Instructions to follow: The data that follows is to be copied exactly, with each image removed.

Supplied information:
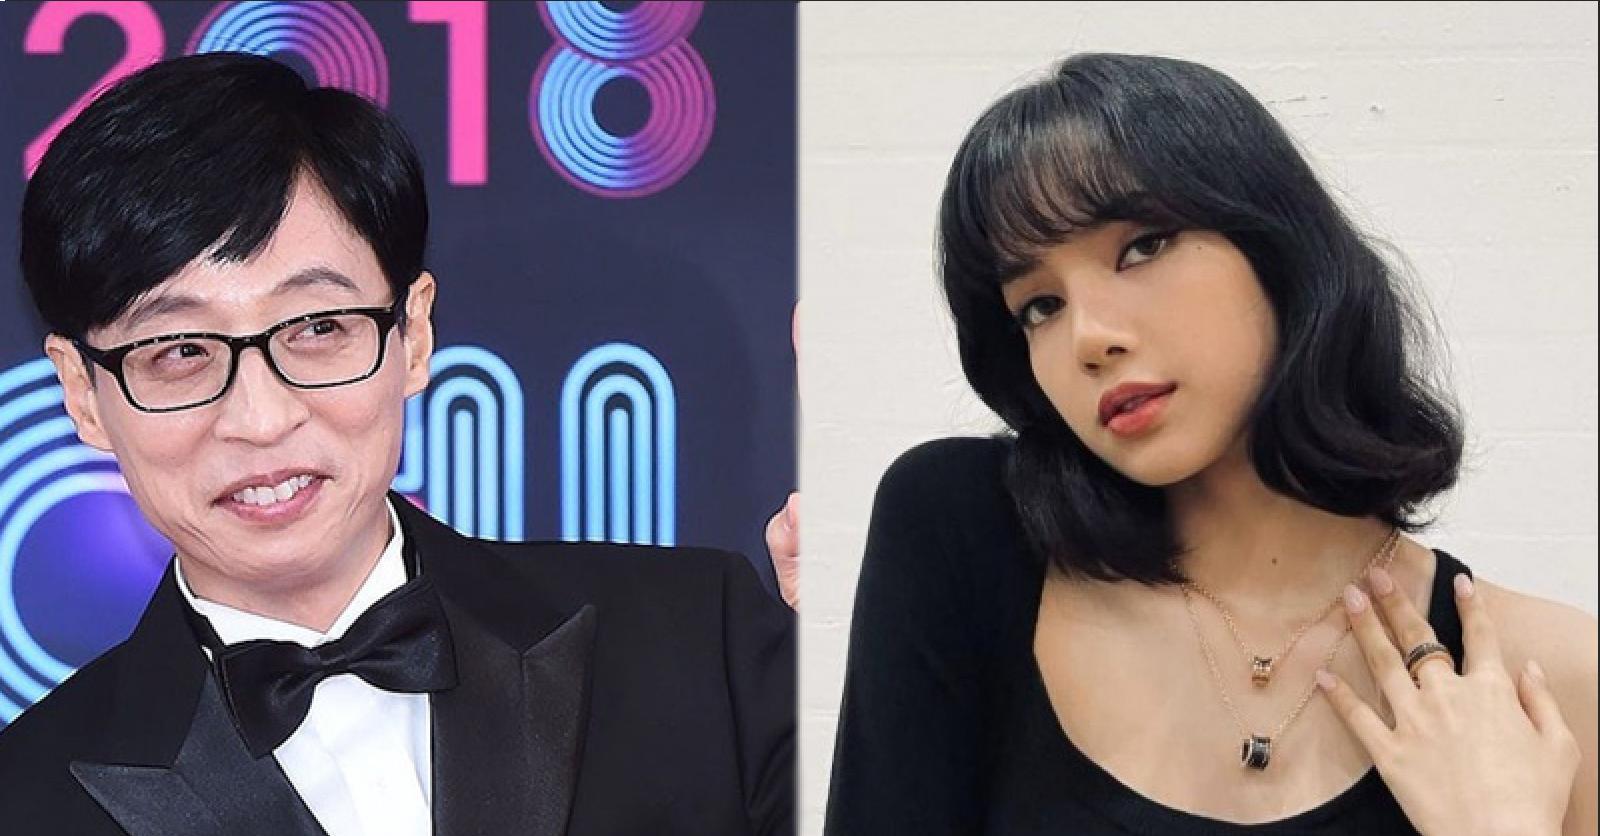 Yoo Jae Suk Reveals BLACKPINK Lisa Solo Debut Will be in July
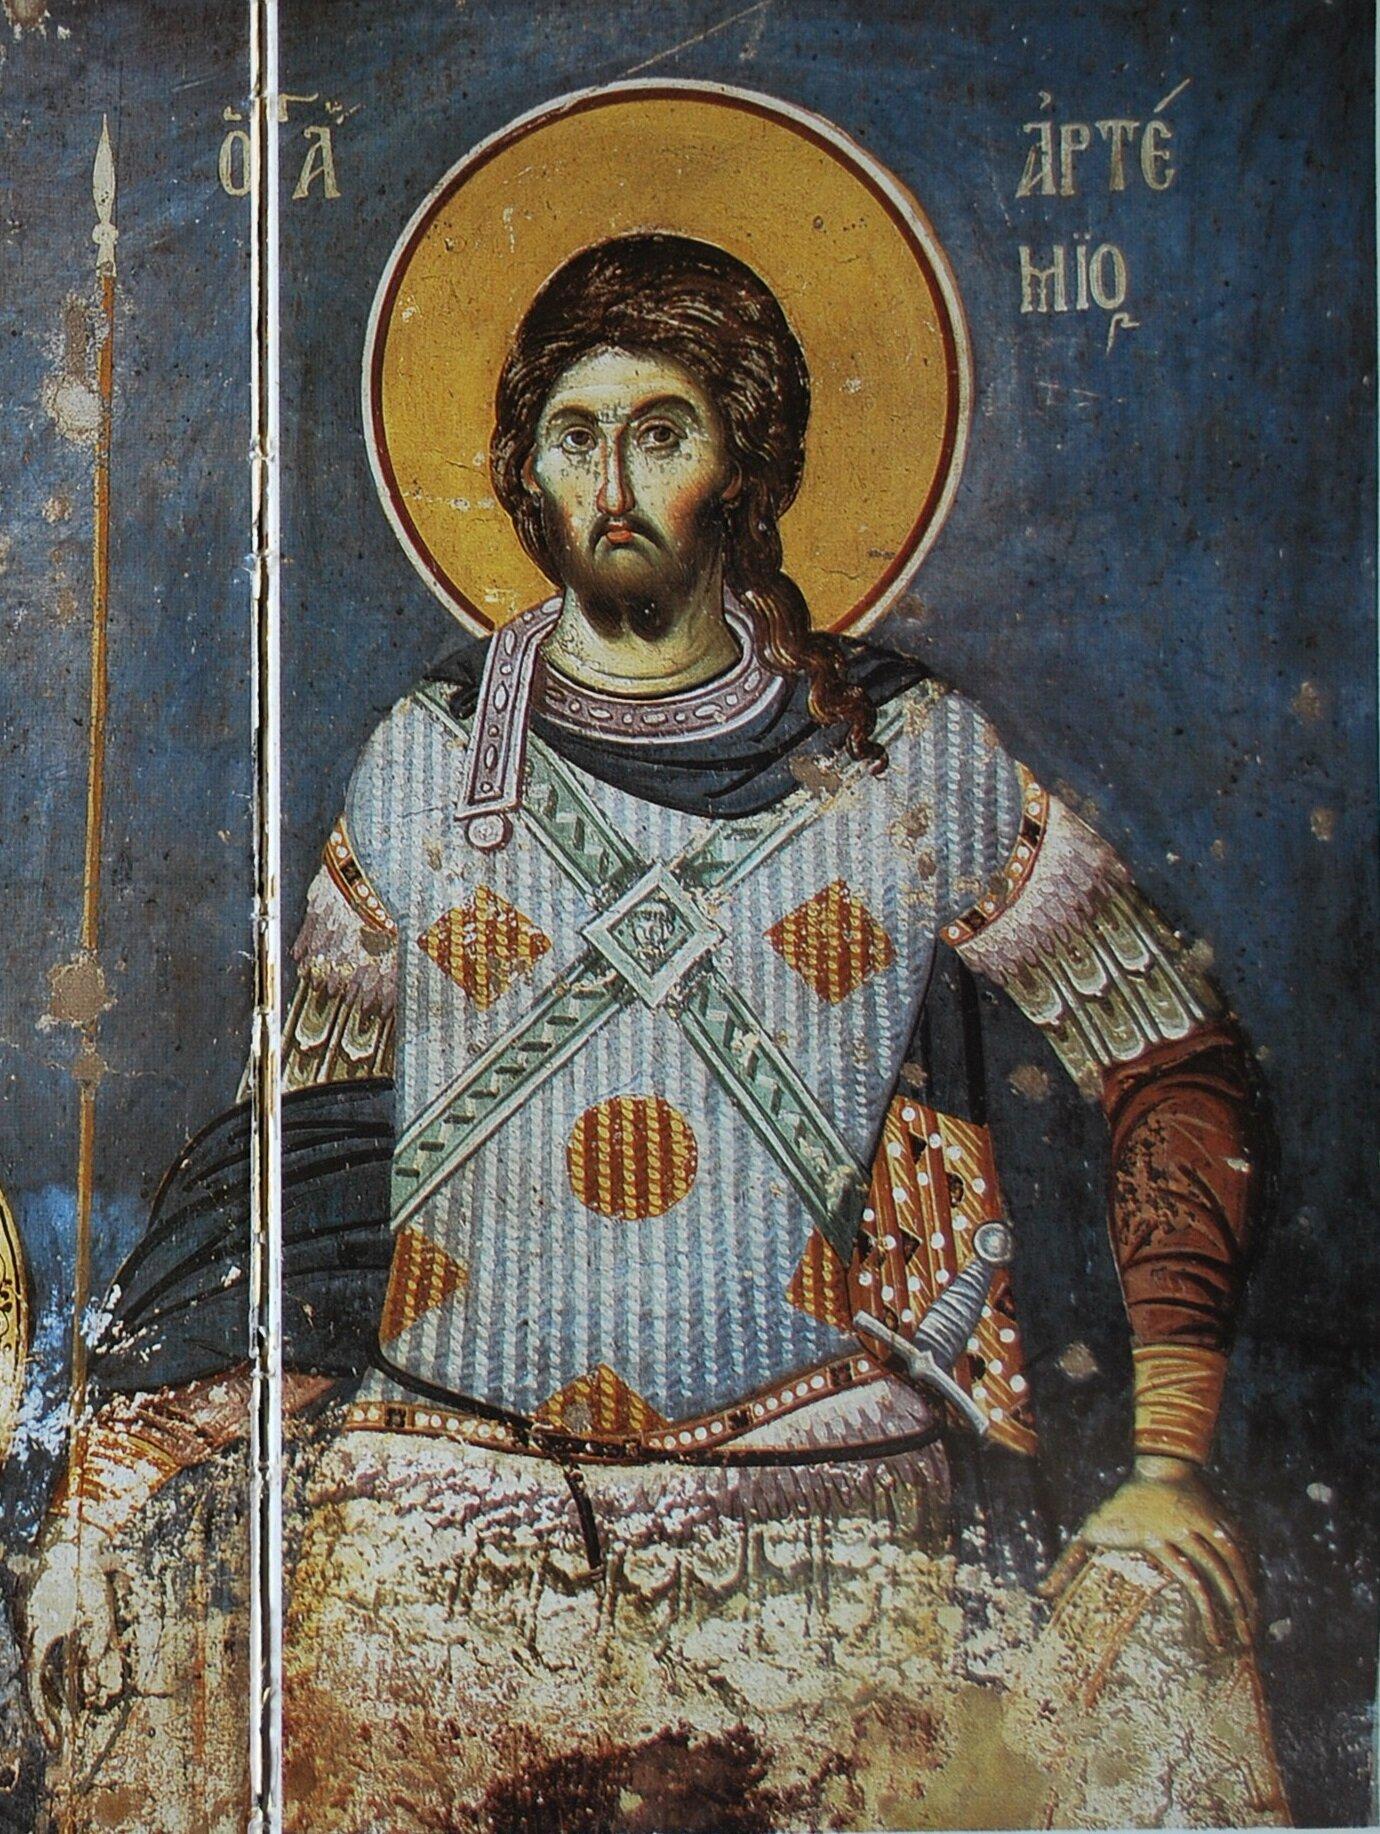 St. Artemios the Martyr
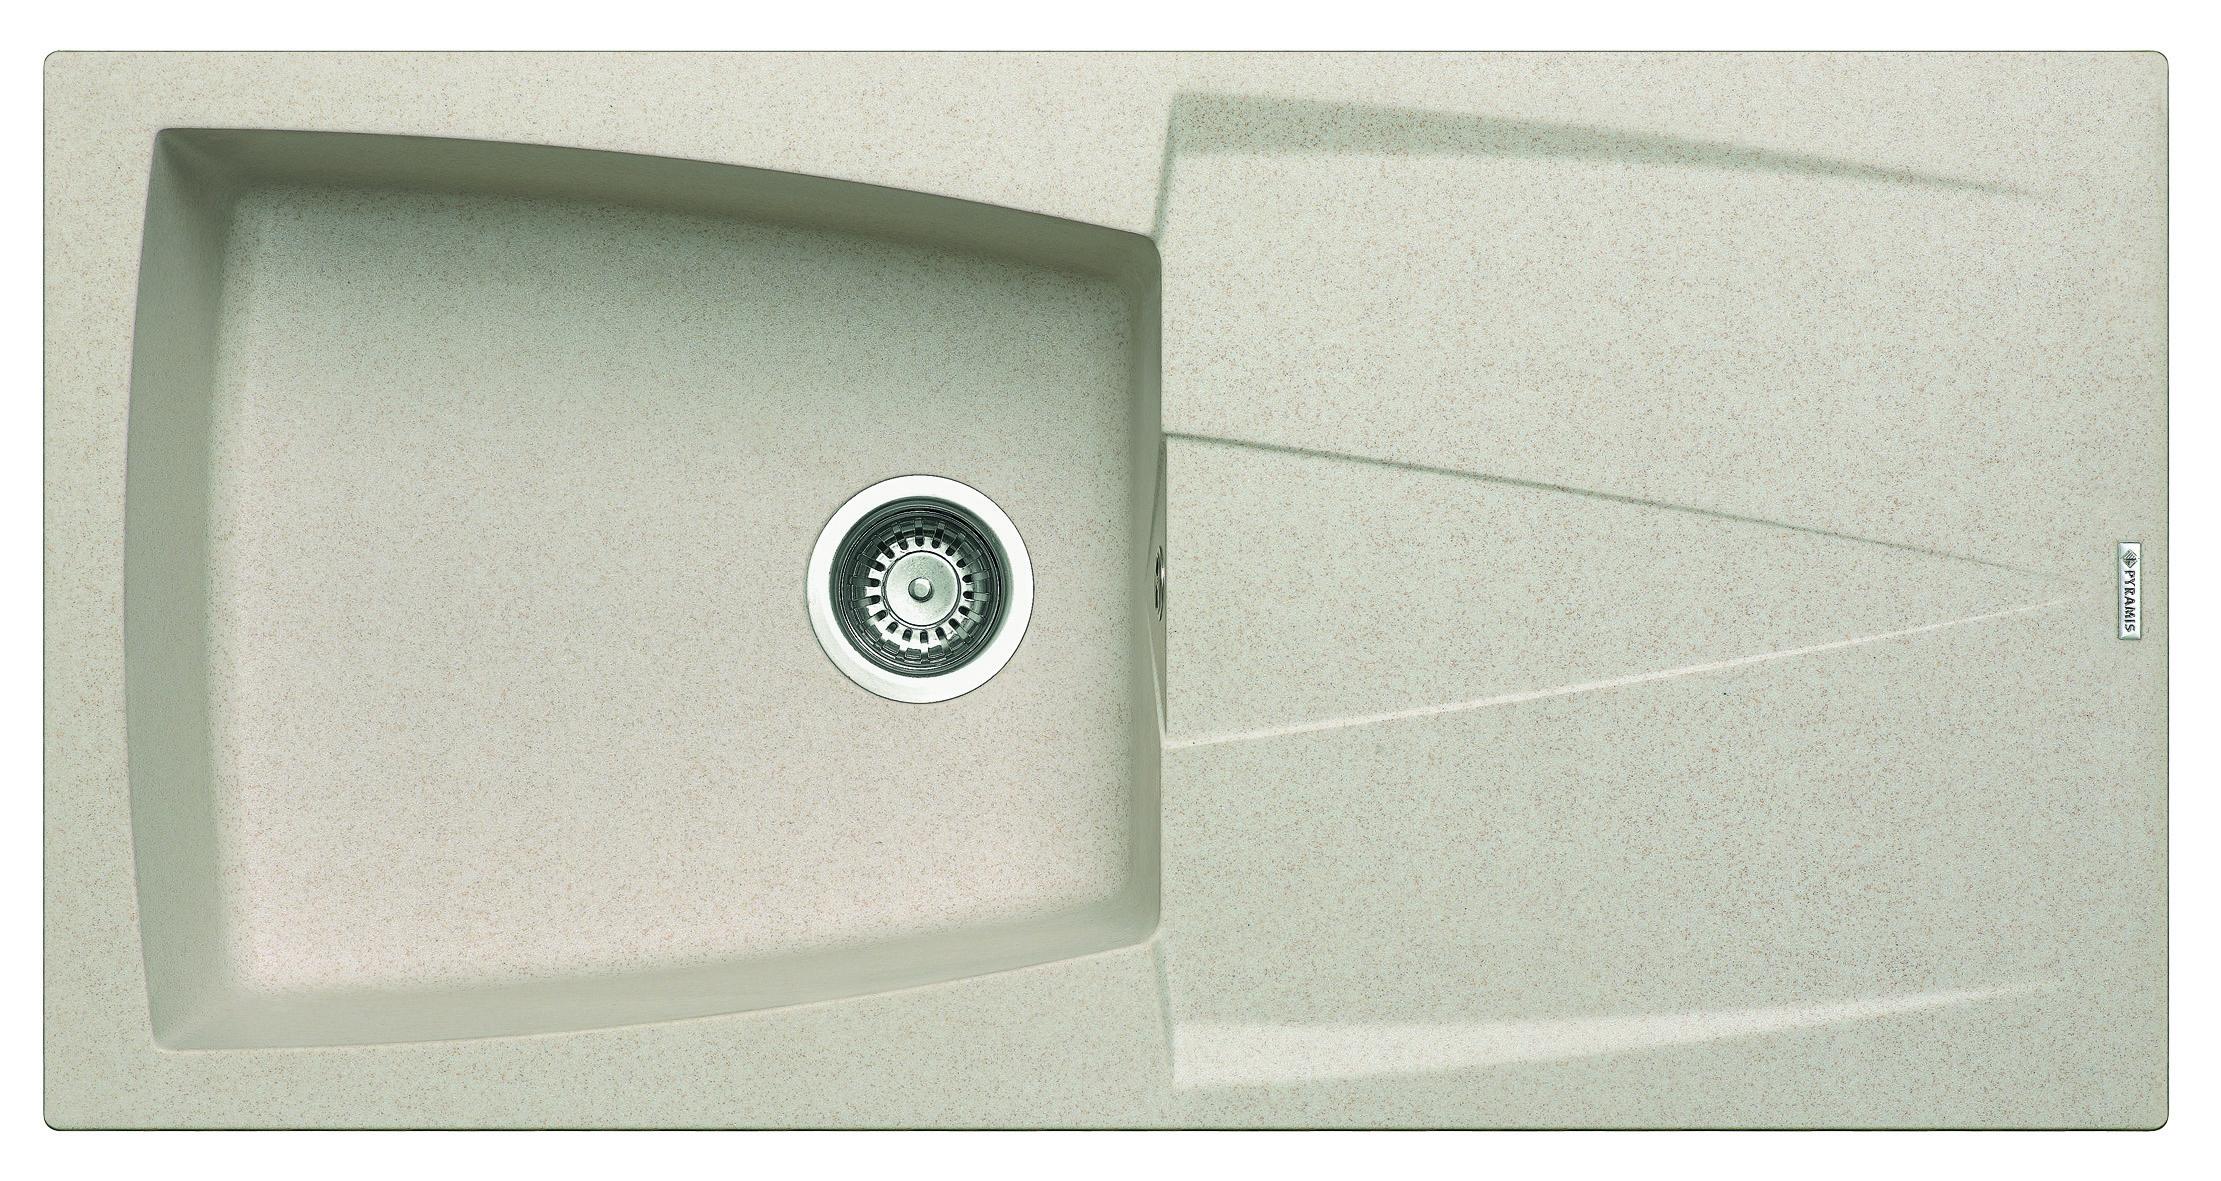 Pyramis24 - Pyragranite-Küchenspüle Caldera (100x51)

Answer for this exercise:
 Yoo Jae Suk Reveals BLACKPINK Lisa Solo Debut Will be in July
 St. Artemios the Martyr
 Pyramis24 - Pyragranite-Küchenspüle Caldera (100x51)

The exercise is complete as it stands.